In-universe information
- Species: Robot
- Gender: Male

= Tom Servo =

Fictional character in Mystery Science Theater 3000

Tom Servo is a fictional character from the American science fiction comedy television show Mystery Science Theater 3000 (MST3K). Tom is one of two wise-cracking, robotic main characters of the show, built by Joel Robinson to act as a companion and help stave off madness as he was forced to watch low-quality films (Tom and the other bots, Crow, Gypsy, and Cambot, are made from parts that would have otherwise allowed Joel to actually control the film). At least during the Comedy Central era, he was somewhat more mature than his theatre companion, Crow T. Robot. Tom, more often than the others, signals the need to exit the theater to perform host segments.

==Overview==
Tom Servo is a red puppet that has a gumball machine (Carousel Executive Snack Dispenser) for a head, a body composed of a toy "Money Lover Barrel" coin bank and a toy car engine block, and a bowl-shaped hovercraft skirt (a Halloween "Boo Bowl") instead of legs. His arm assembly (according to the 1998 MST3K Official Bot Builders Booklet Workbench Edition) is from a Mr. Moonie doll. Mr. Moonie (sometimes known as "Seymour Bunz" or "C More Bunz") was a gag doll popular during the time of filming, usually found suction cupped to people's car windows to moon other drivers. The doll would drop its pants and moon people when a rubber bladder was squeezed. The entire assembly, including the rubber bladder, were kept intact when installed into Tom's barrel body. The hands were apparently from a clown or hobo doll figure, but are now made from a mold. The springs were custom made by a local manufacturer, which were attached with glue to the wrists and arms. His arms would spring up and down whenever the clear balloon inside was gripped by Kevin, as shown in pictures from The Colossal Episode Guide or The Scrapbook tape. The Patrick Swayze Christmas segment shows Kevin in the puppet trench working Tom Servo with bladder in each hand. Although the other characters comment occasionally throughout the series that his arms are not functional, they actually do move up and down due to the Mr Moonie doll bladder inside Tom, and can be seen moving up and down in a fair few episodes as early as season 2. His shoulders are made from the front of an Eveready Floating Lantern. Because Servo's head is transparent, chromakeyed images appear projected through it, and thus a second puppet was built for use in the theater segments, entirely spray-painted black. This black Servo also appeared in a host segment in episode #609, "The Skydivers". Tom moves about by hovering. In seasons one through ten he is unable to hover much higher than the ground, however in season eleven (and briefly in the film version) he is capable of hovering at apparently any height and with great agility. In episode #413 "Manhunt in Space" it is revealed that Servo suffers from red-green colorblindness.

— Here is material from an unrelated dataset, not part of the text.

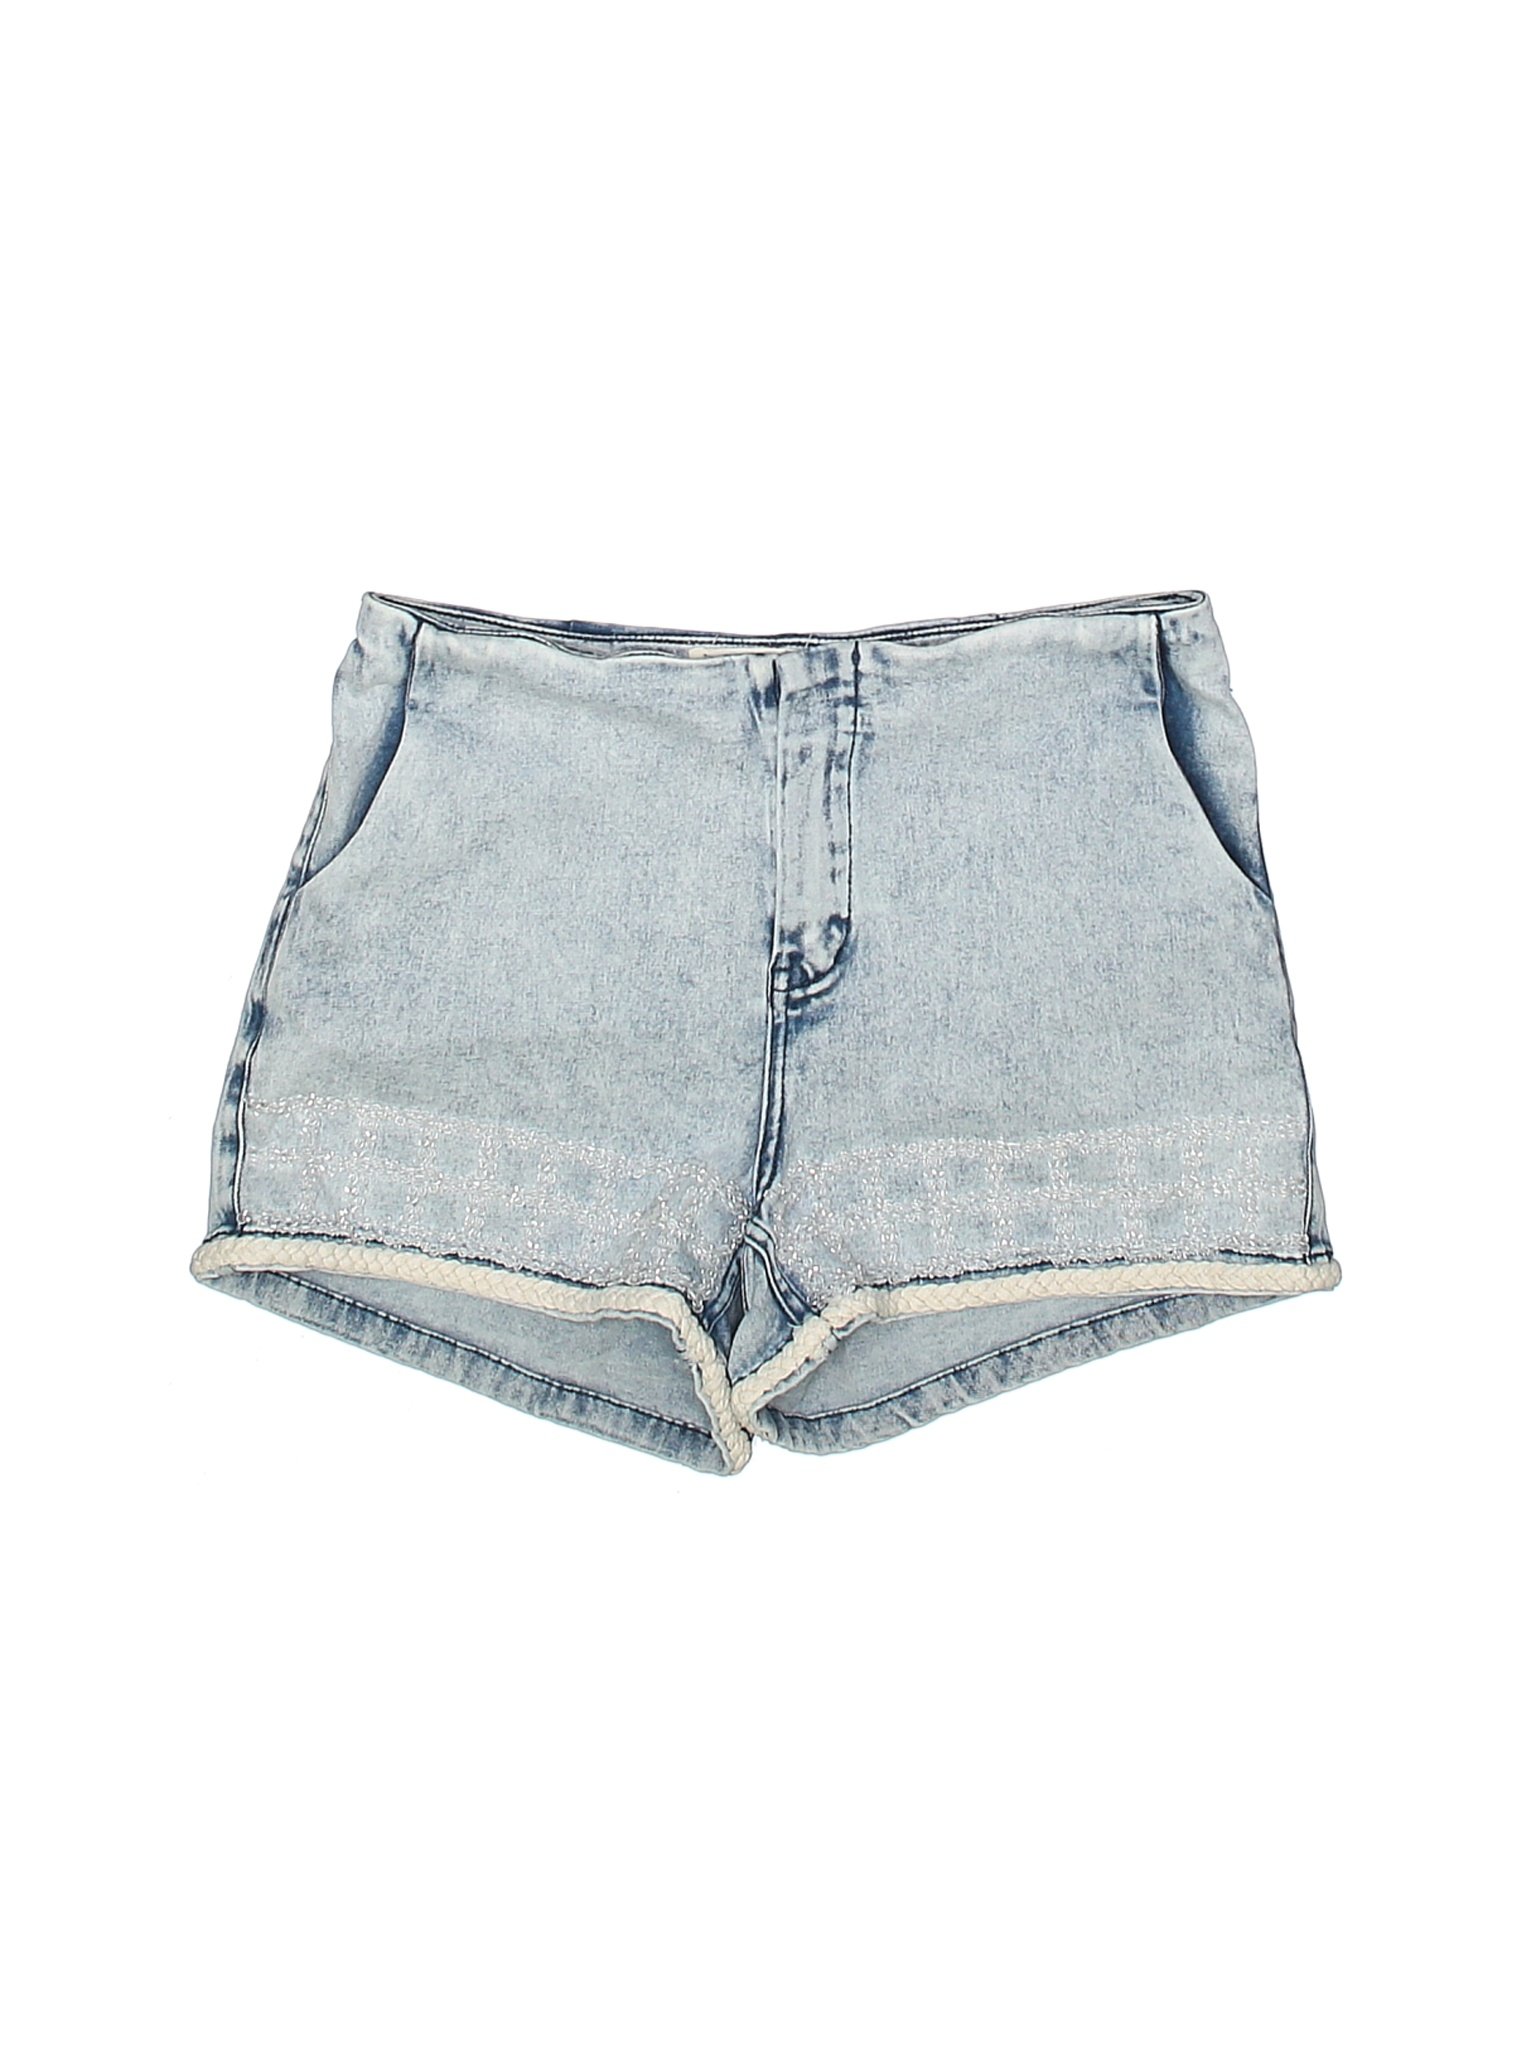 Assorted Brands Women Blue Denim Shorts 27W | eBay

Servo's appearance has changed over time. In the pilot for MST3K, the robot who would become Servo was named "Beeper", who just spoke in beeps that only Crow could understand (similar to R2-D2 from the Star Wars films). He was an all-silver robot vaguely shaped like the ultimate Servo, with funnel-shaped shoulders, silver rubber tube arms, a plastic flowerpot for a hoverskirt, and a small fishbowl for a head. He was renamed 'Servo' after a vending machine called the Servotron. The character was absent in K01: Invaders from the Deep, but re-appeared again for the remainder of the KTMA series as the now-familiar Servo puppet with the gumball machine head in K02: Revenge of the Mysterons from Mars.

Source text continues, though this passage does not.